But, immune as we thought we were, the subprime crisis could be reaching us in ways we didn’t predict. As with the Internet Bubble, we’re dealing with normal humans falling for the unlimited growth mirage. But the numbers are much larger. Instead of trading high-tech high-concept stocks, tens of billions of dollars lost, the bets were made on the value of homes, trillions. Current estimates put the loans at risk above one trillion dollars with losses to exceed $500bn this year alone. This, you’ll say, impacts consumer spending, spending based on borrowing against one’s home value, the number that was supposed to climb forever. But how does it impact VC investments? Our funds have money to invest and, in contrast to previous years, we look more attractive than the Private Equity sector. We’re not leveraged (we don’t borrow money we can’t repay), we play a transparent game. Earlier this month, business writers started reporting concerns about the real value of cash. The real value of cash ? Today’s financial system works on a network of interlocking bets, sorry, contracts. See how a trader at Société Générale could buy contracts “worth” (E50bn) many times the total market value of his employer. Some of these bets are “safe”, tax-free municipal bonds come to mind. They are deemed “risk-free” because they are insured against the issuing municipality going bankrupt — it happens. But the data used for evaluating the risk, for calculating the insurance premium are obsolete. The sub-prime crisis has loaded the debt insurers to the breaking point and beyond.

Start-up companies with cash reserves need to park it somewhere safer than under a mattress. The rule is to invest the cash in “ultra-safe” instruments — muni bonds and other less well-known securities. You see where we’re going. We discover no one wants to convert these back into cash because the insurer behind the bond may or may not be solvent. I’ve seen e-mail exchanges where the bank that sold these so-called securities as a way to invest the “idle” cash reserve of a start-up now declares the cash no longer cash. And, of course, takes no responsibility for the advice, or the commission. Read the fine print. I’ll let you imagine how such e-mail propagate in our Valley. The sub-prime crisis finally managed to hit us where it hurts most — cash. — JLG

Google and Apple are robbing us!

That’s the cry of anguish heard in the executive suites of cellular carriers, poor things.

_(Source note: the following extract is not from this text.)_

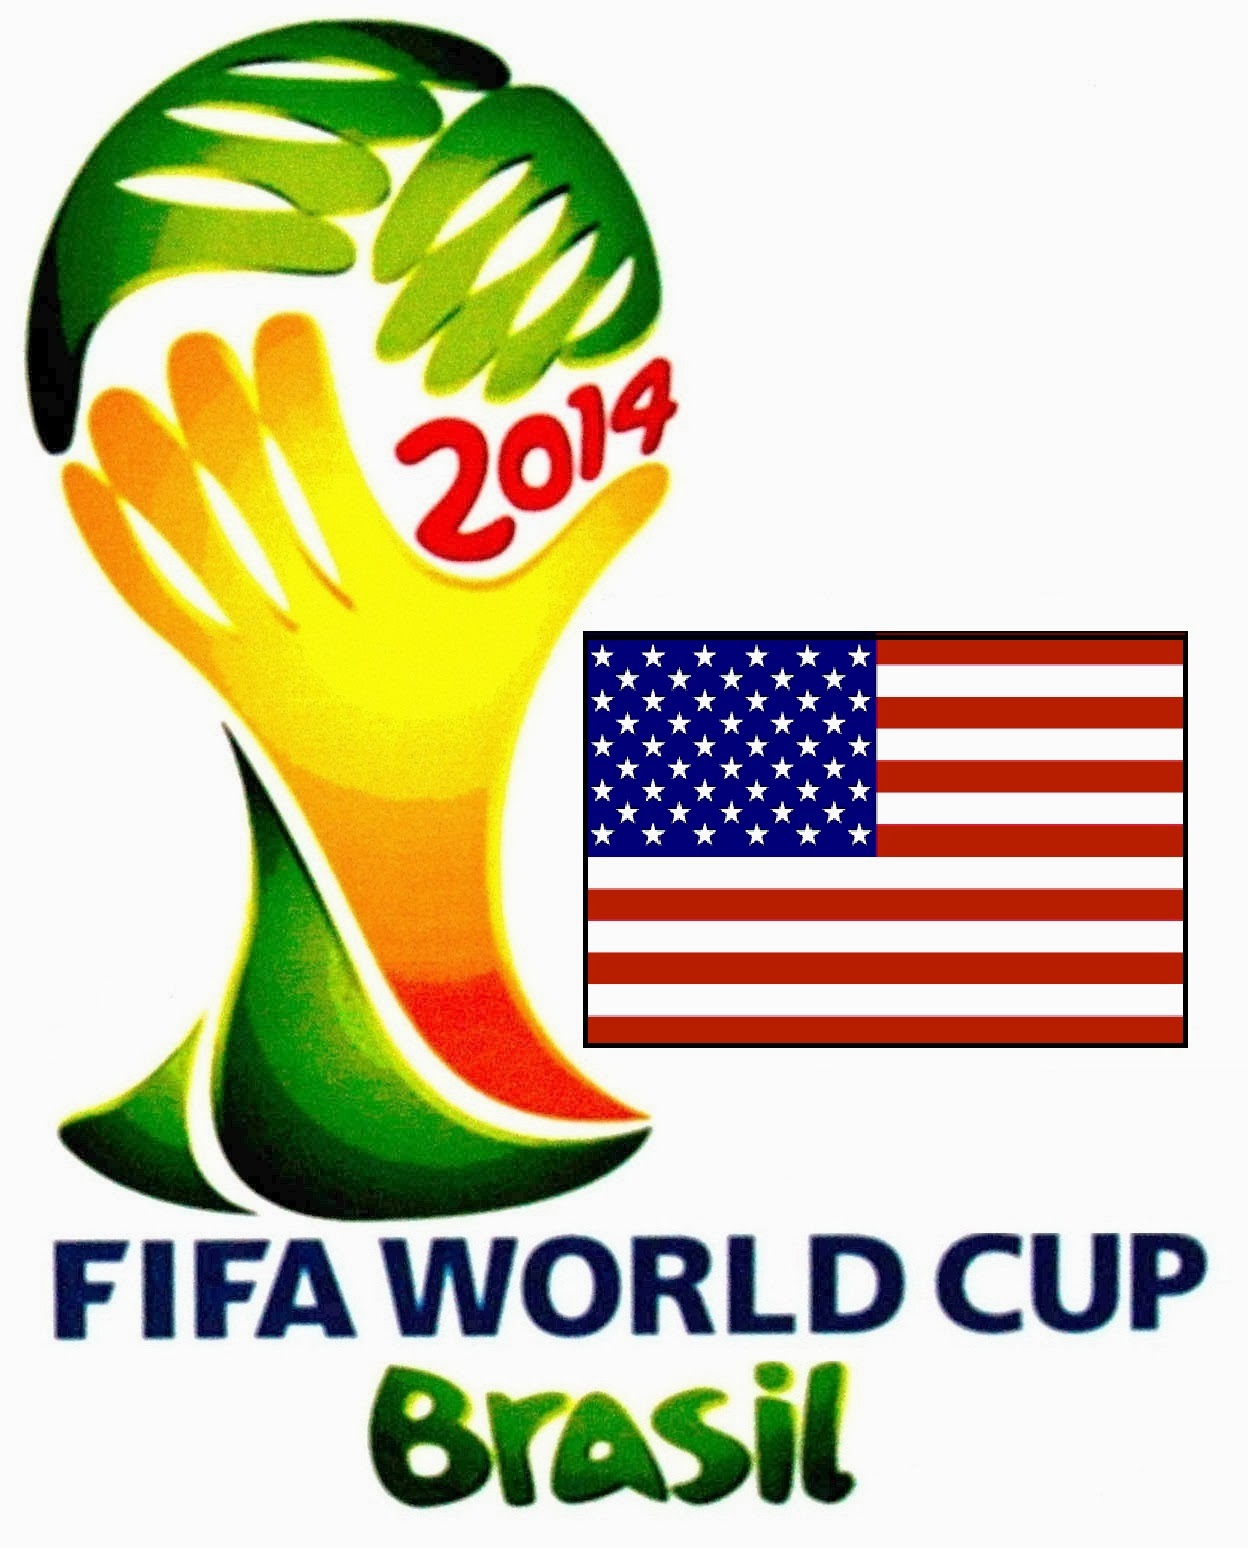 Daftar Nama Pemain Timnas Amerika Serikat Piala Dunia 2014

Why the sorrow?

Nuances removed, it boils down to this:
. ISP (Internet Service Providers) don’t sell content, they bill at a flat rate regardless of what you download, music, e-mail, video. ISP don’t decide which computer you can and cannot connect to the network.
. Cellular carriers charge a different price for voice, SMS, data; they play all sorts of games to sell content. In addition, they lose their customers in an impenetrable jungle of agreements and billing plans. Cellular carriers decide (this is much less true in Europe) which computer, pardon, phone you can connect to their network.
Yes, but why the anguish? Because Google and Apple are two reasons why the future of cell carriers is to become ISP — of the wireless kind. Flat rate, no content games, no control over devices. All this “converging”, to use a fashionable word, towards smaller profits.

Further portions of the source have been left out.